#### Given information:
--- START ---

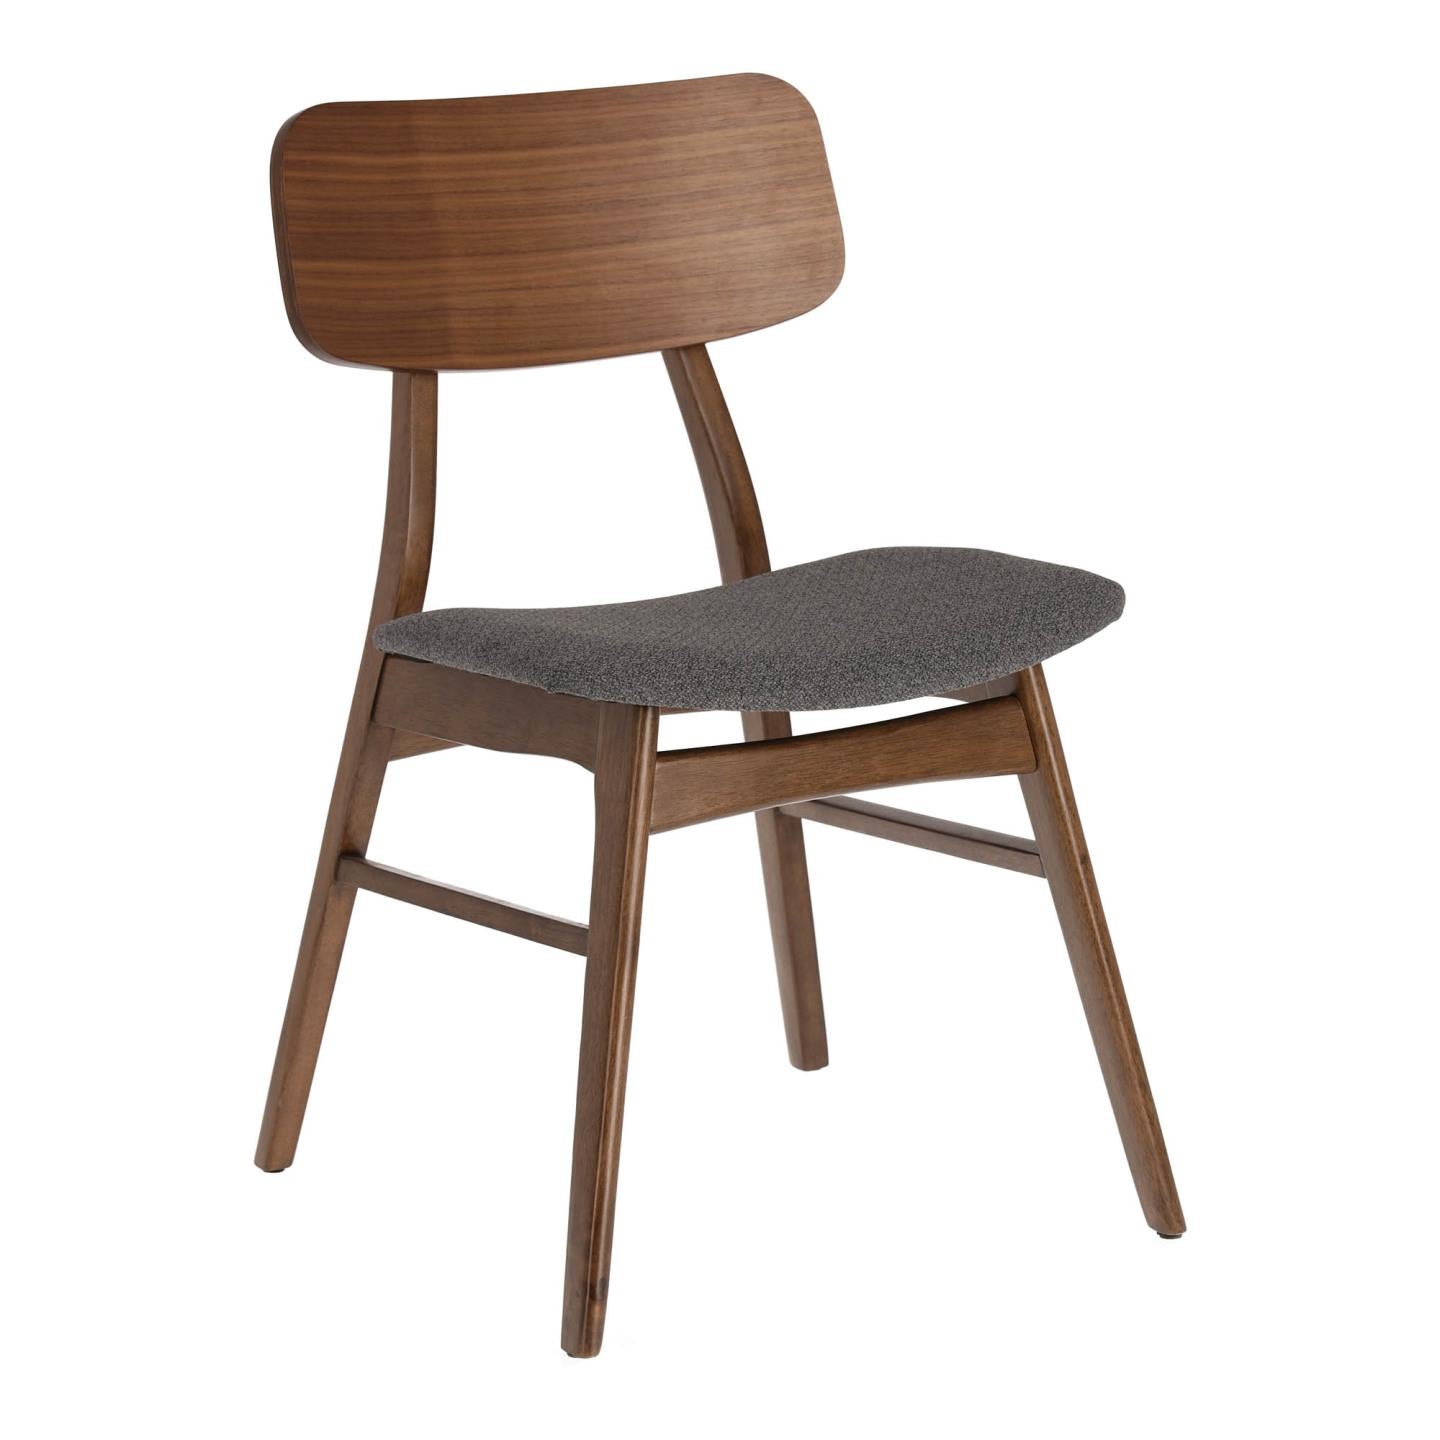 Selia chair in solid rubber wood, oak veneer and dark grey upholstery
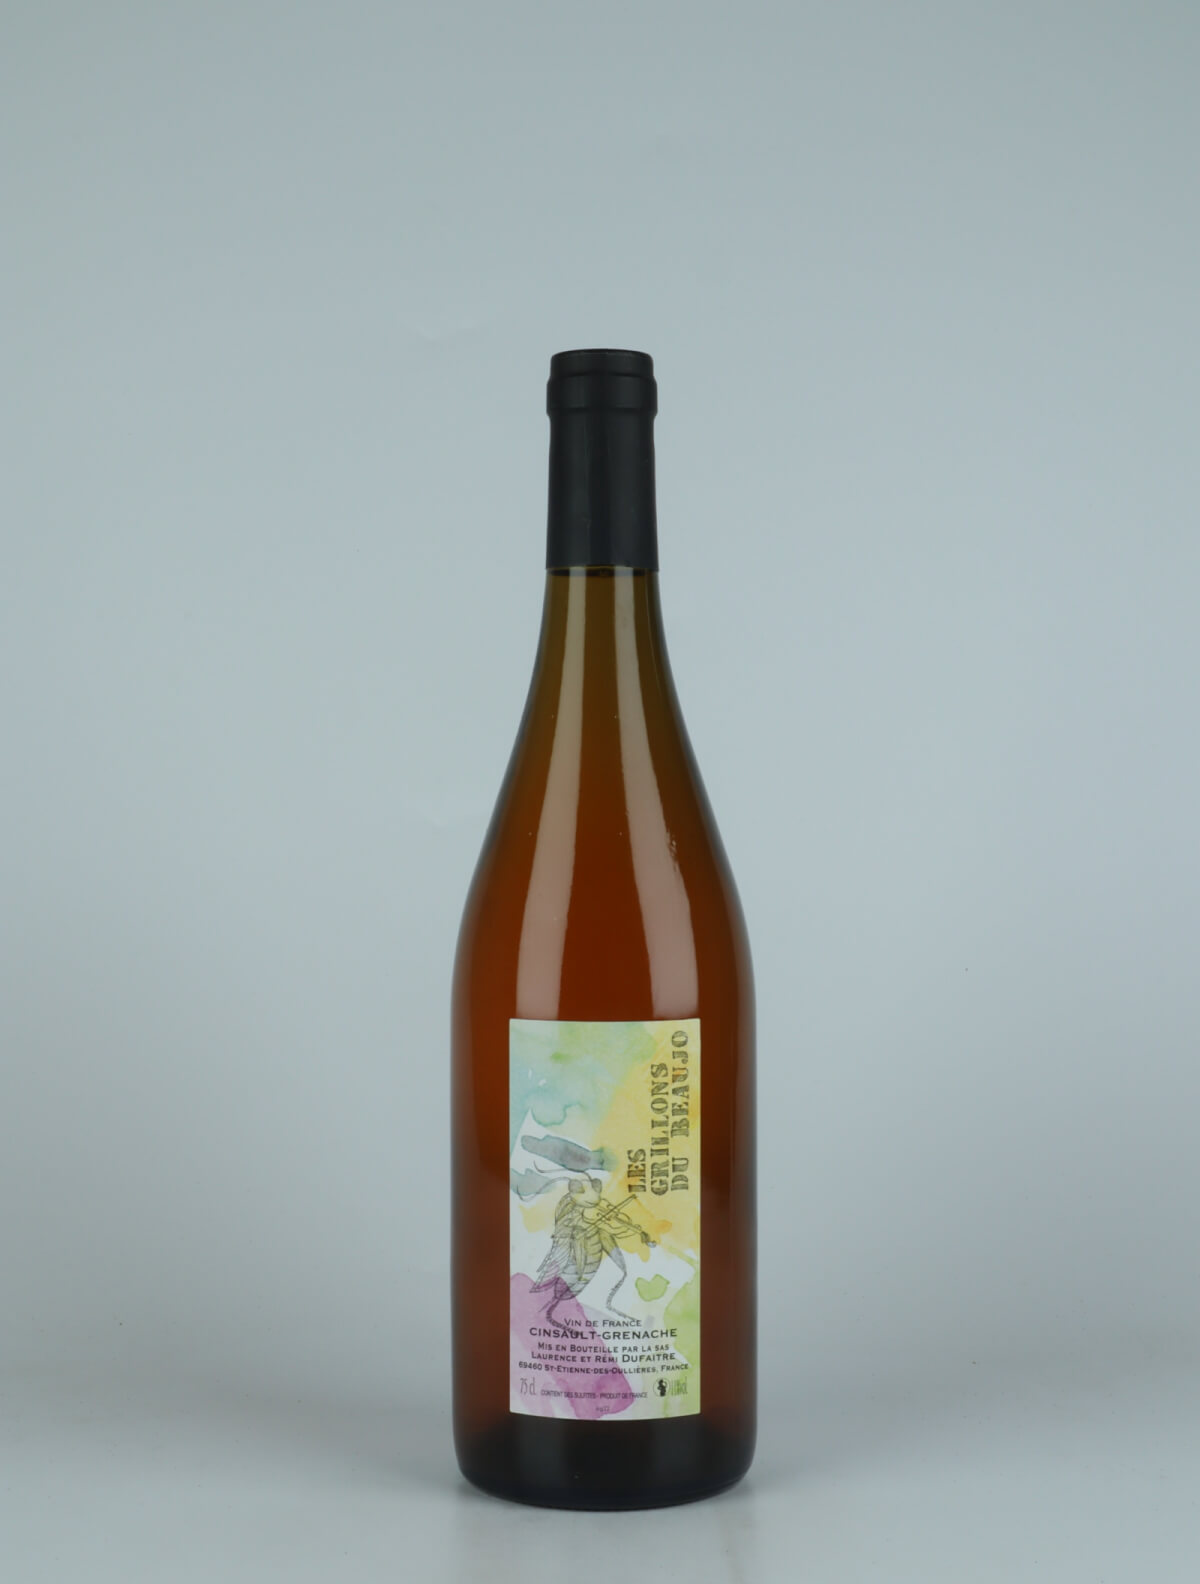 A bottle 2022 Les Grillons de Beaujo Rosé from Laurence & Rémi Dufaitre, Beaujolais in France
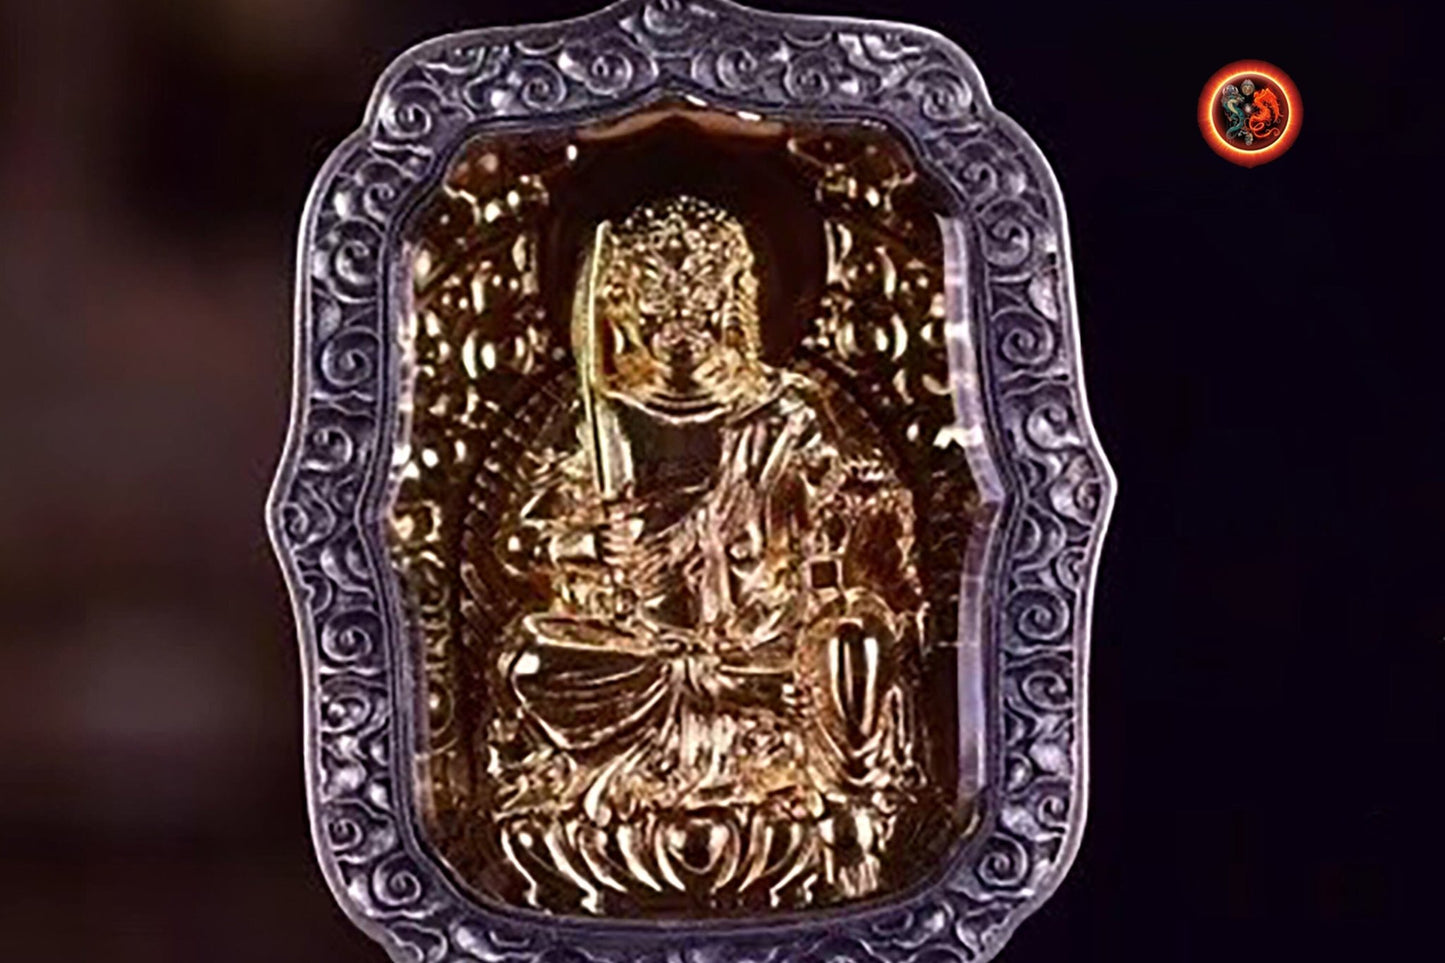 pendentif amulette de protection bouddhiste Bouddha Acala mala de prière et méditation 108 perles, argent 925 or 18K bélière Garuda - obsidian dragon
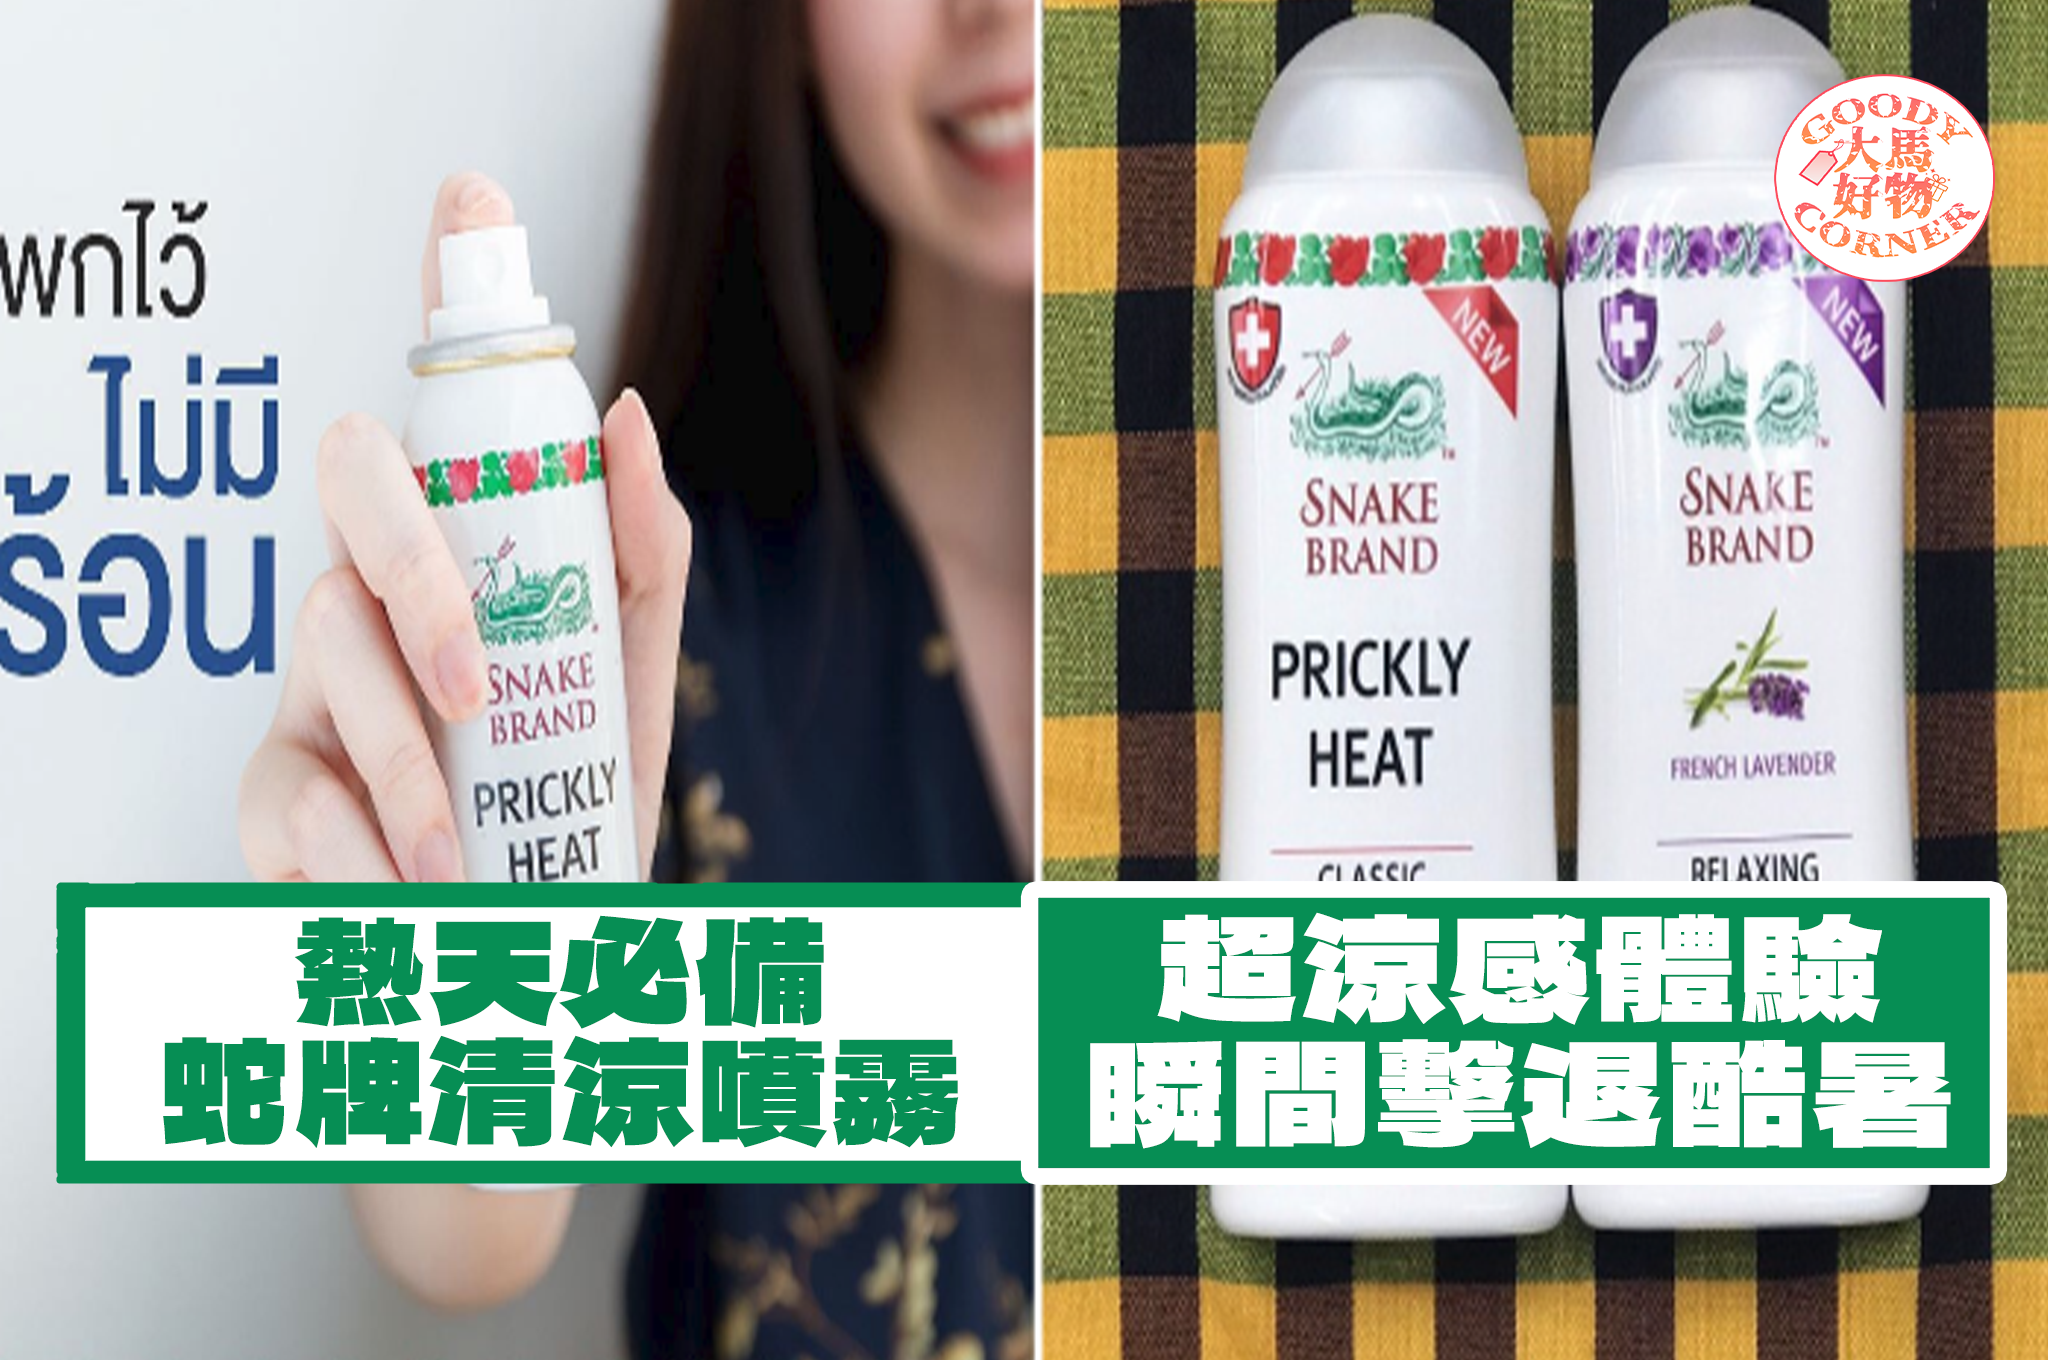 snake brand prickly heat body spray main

--- END ---

Without including any picture, write out the material above exactly.

 Selia chair in solid rubber wood, oak veneer and dark grey upholstery
 A bottle 2022 Les Grillons de Beaujo Rosé from Laurence & Rémi Dufaitre, Beaujolais in France
 pendentif amulette de protection bouddhiste Bouddha Acala mala de prière et méditation 108 perles, argent 925 or 18K bélière Garuda - obsidian dragon
 snake brand prickly heat body spray main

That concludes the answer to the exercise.